Compiler issues on newly reinstalled test-osuosl-aix72-ppc64-1 #2334

Closed
Haroon-Khel opened this issue Oct 4, 2021 · 24 comments
Closed

Compiler issues on newly reinstalled test-osuosl-aix72-ppc64-1 #2334

Haroon-Khel opened this issue Oct 4, 2021 · 24 comments

Comments

@Haroon-Khel
Copy link
Contributor

Building jdk16 I encountered this error

checking if static build is enabled... disabled, default
configure: error: xlclang++ version output check failed, output: /home/jenkins/temurin-build/workspace/build/src/build/.configure-support/generated-configure.sh: line 71904: xlclang++: command not found
configure exiting with result code 1
Error: No configurations found for /home/jenkins/temurin-build/workspace/build/src.

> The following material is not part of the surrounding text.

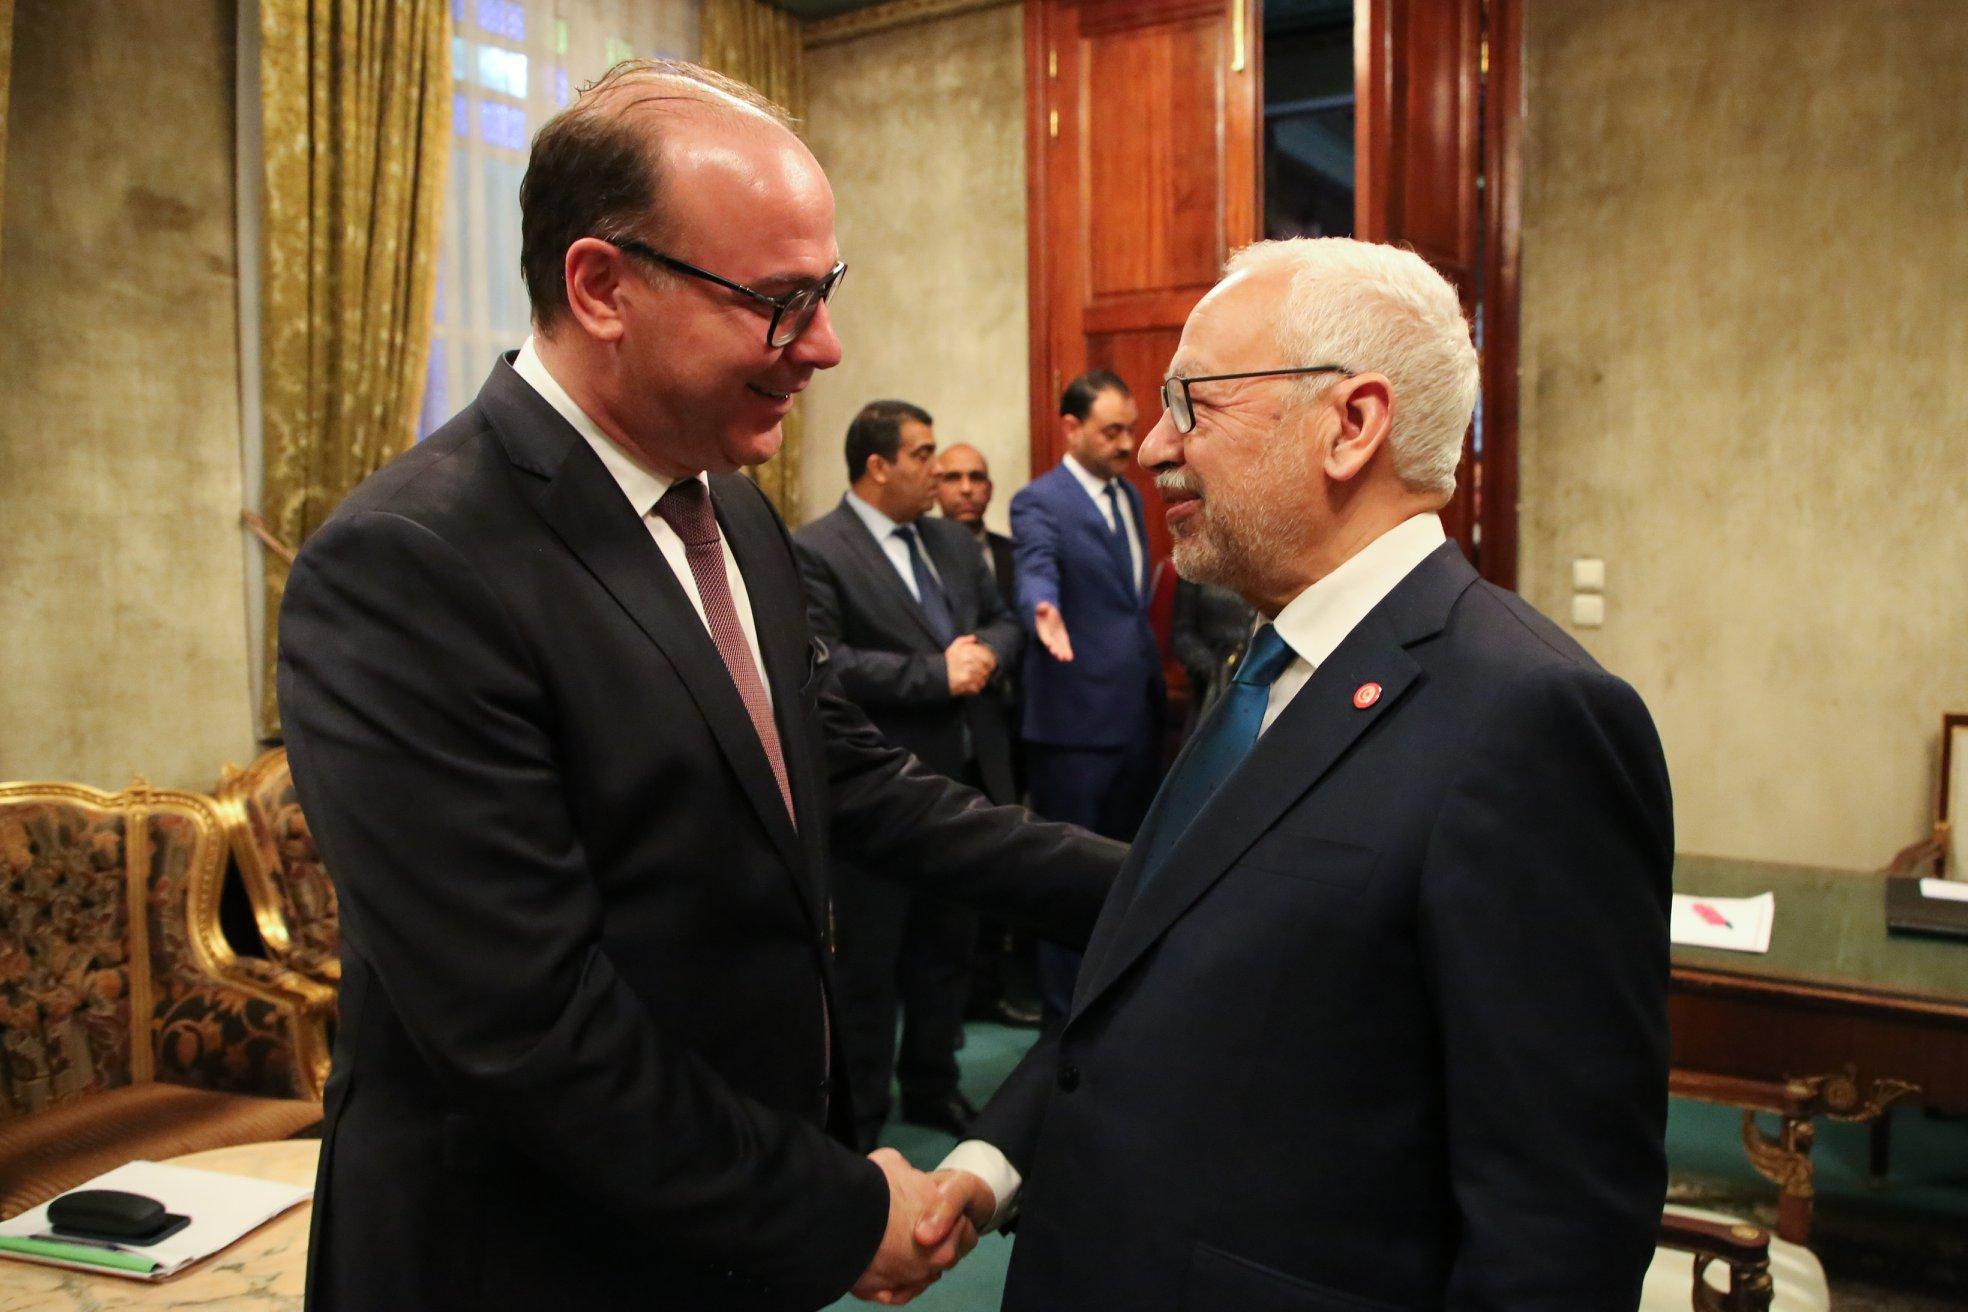 Tunisie : Rached Ghanouchi félicite Elyès Fakhfekh

This may be accounted for by an improper PATH variable while building so I'll re test this, but I also his this error while building jdk11

Creating hotspot/variant-server/tools/adlc/adlc from 13 file(s)
Compiling 1 files for BUILD_JFR_TOOLS
/opt/freeware/bin/bash: fork: retry: Resource temporarily unavailable
/opt/freeware/bin/bash: fork: retry: Resource temporarily unavailable
/opt/freeware/bin/bash: fork: retry: Resource temporarily unavailable
/opt/freeware/bin/bash: fork: retry: Resource temporarily unavailable
gmake[3]: *** [gensrc/GensrcAdlc.gmk:71: /home/jenkins/temurin-build/workspace/build/src/build/aix-ppc64-normal-server-release/hotspot/variant-server/tools/adlc/objs/output_c.o] Error 127
gmake[3]: *** Waiting for unfinished jobs....
/opt/freeware/bin/bash: fork: retry: Resource temporarily unavailable
/opt/IBM/xlC/13.1.3/bin/.orig/xlC_r: 1501-222 (S) cannot fork process - Resource temporarily unavailable
@sxa
Copy link
Member

sxa commented Oct 4, 2021

configure: error: xlclang++ version output check failed, output: /home/jenkins/temurin-build/workspace/build/src/build/.configure-support/generated-configure.sh: line 71904: xlclang++: command not found

Does sound like a PATH issue although I thought that should be set correctly in aix.sh

/opt/freeware/bin/bash: fork: retry: Resource temporarily unavailable

Hmmm I've got a feeling we've seen that one before ... May be the same as #1320 although annoyingly I seemingly didn't cut & paste the error message in there.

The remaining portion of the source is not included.